Rather more difficult is the management of stakeholder expectations. The project manager can issue crystal clear bulletins about what has been agreed and what is actually happening. At some point these butt up against stakeholder assumptions, recollections and aspirations. The bits which match will bolster the stakeholder’s world view. The bits which don’t match may provoke a reaction. If they do, that’s all to the good as it allows the project manager to identify and deal with any mismatch between the project as agreed and stakeholder expectations. But not all readers will bother to react. The danger comes when stakeholders skim project communications for the bits which confirm their expectations and ignore the rest. Then expectations may begin to diverge substantially from the project aims. Once that happens to any extent the project will never be a success. It may deliver to scope, cost and timescale but it won’t be viewed as successful because it’s not delivering what stakeholders have come to expect.
For a project manager to become a good stakeholder manager, it’s necessary to look beyond the project’s formal structured communication, and apply the black arts of expectation analysis and expectation management. Catch a straying expectation before it’s far from the straight and narrow and it’s easy to nudge it back on course. Let it stray long enough to become feral and you may not catch it in the lifetime of the project.
Becoming a curator of expectations requires a diverse set of skills, but the core skill is networking. Informal chats can alert the project manager to straying expections much more quickly than any formal discussion. It’s not just the obvious stakeholders who can be useful sources of information. Other projects and BAU targets may hide a reliance on invalid expectations, and people may set such targets as a means of pressurising a project to change its remit.
Sometimes divergent expectations arise because the business has moved on from the original project requirements, and the project may need to change in order to deliver business benefits.

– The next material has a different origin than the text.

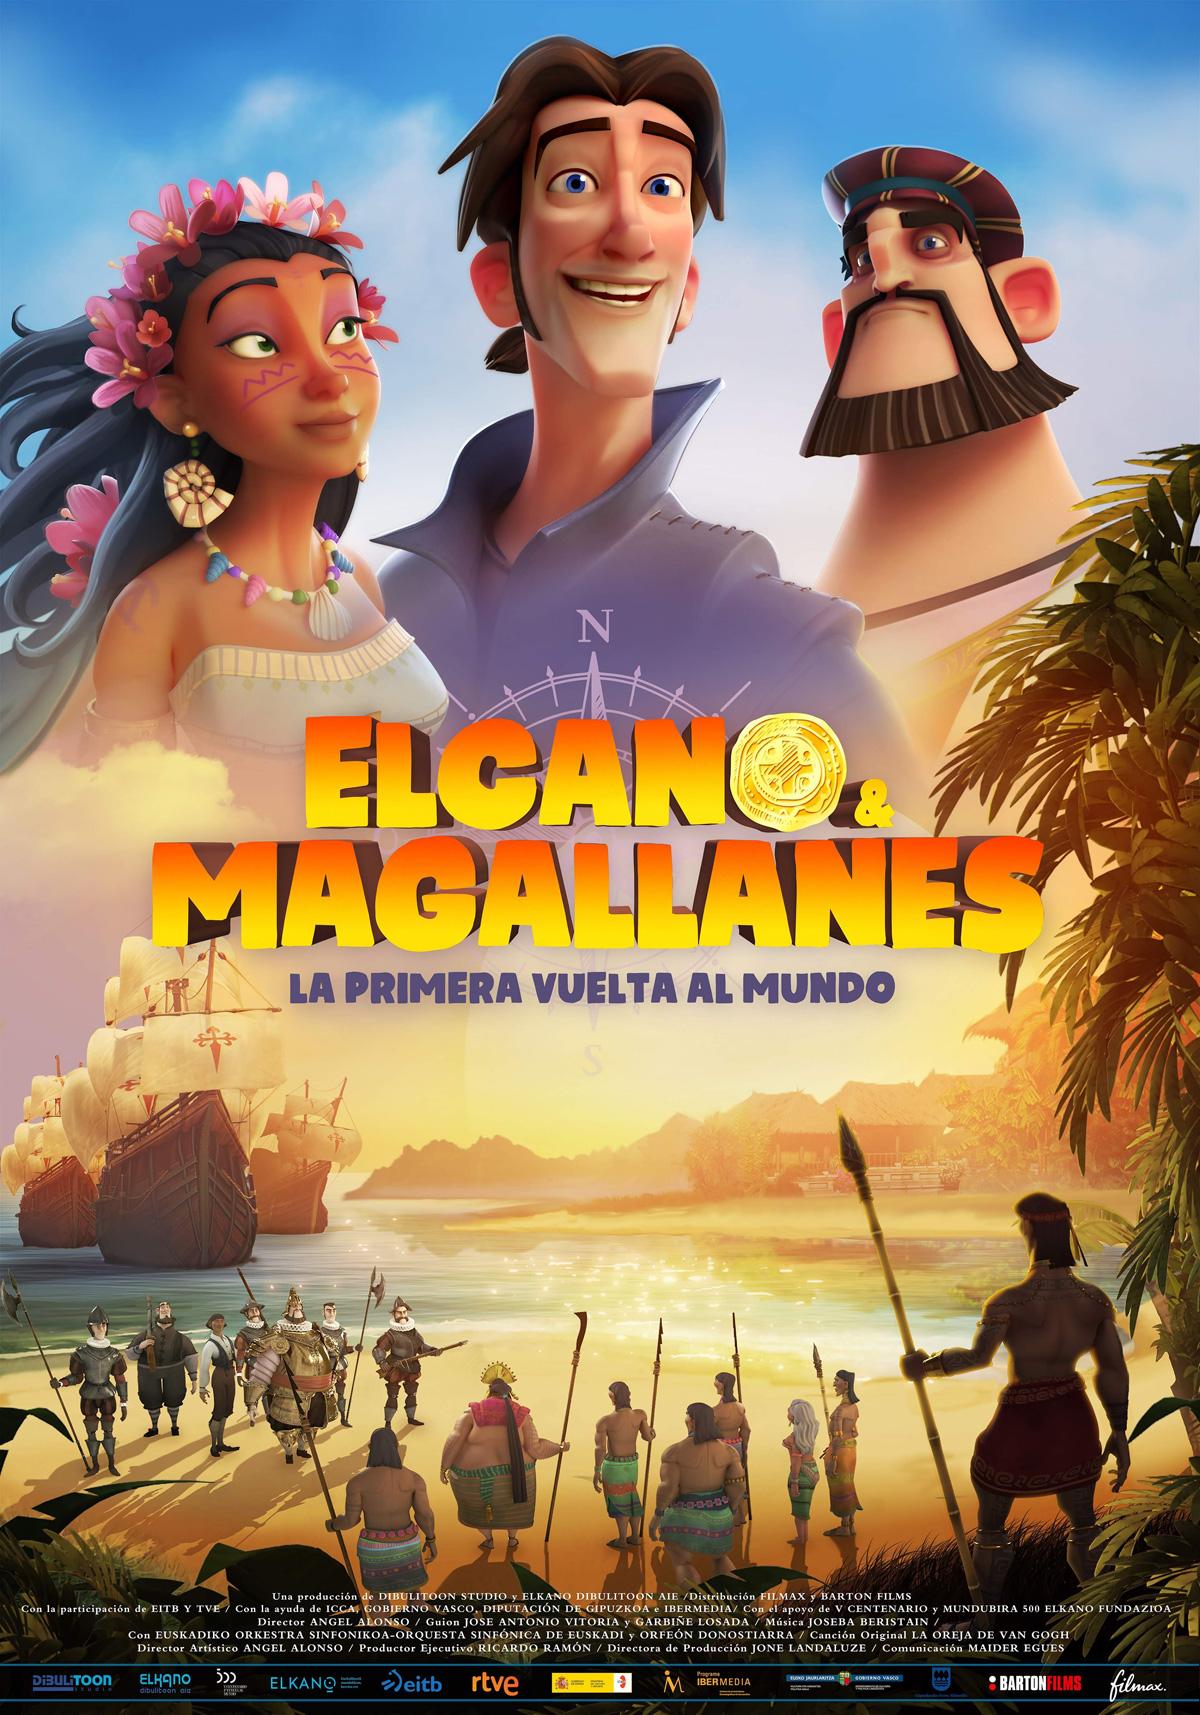 [好雷] 環遊世界大冒險 Elcano y Magallanes (2019 西班牙動畫長片)

It may not be easy to decide whether expectations should be brought in line or the project changed to meet expectations. This is where stakeholder management feeds into risk and issue management, and through that to the broader project governance and sponsorship if it appears that problems are going beyond the authority delegated to the project manager.
You can, in isolation, deliver a project which meets all its objectives. But unless you step outside the ivory tower and keep abreast of events in the wider context the project may not be seen to be successful. That’s why a project manager needs a taste for coffee, beer and cocktails, not to mention a tolerance for the smoky, windy conditions endured by the huddles which gather outside the doors of most office buildings.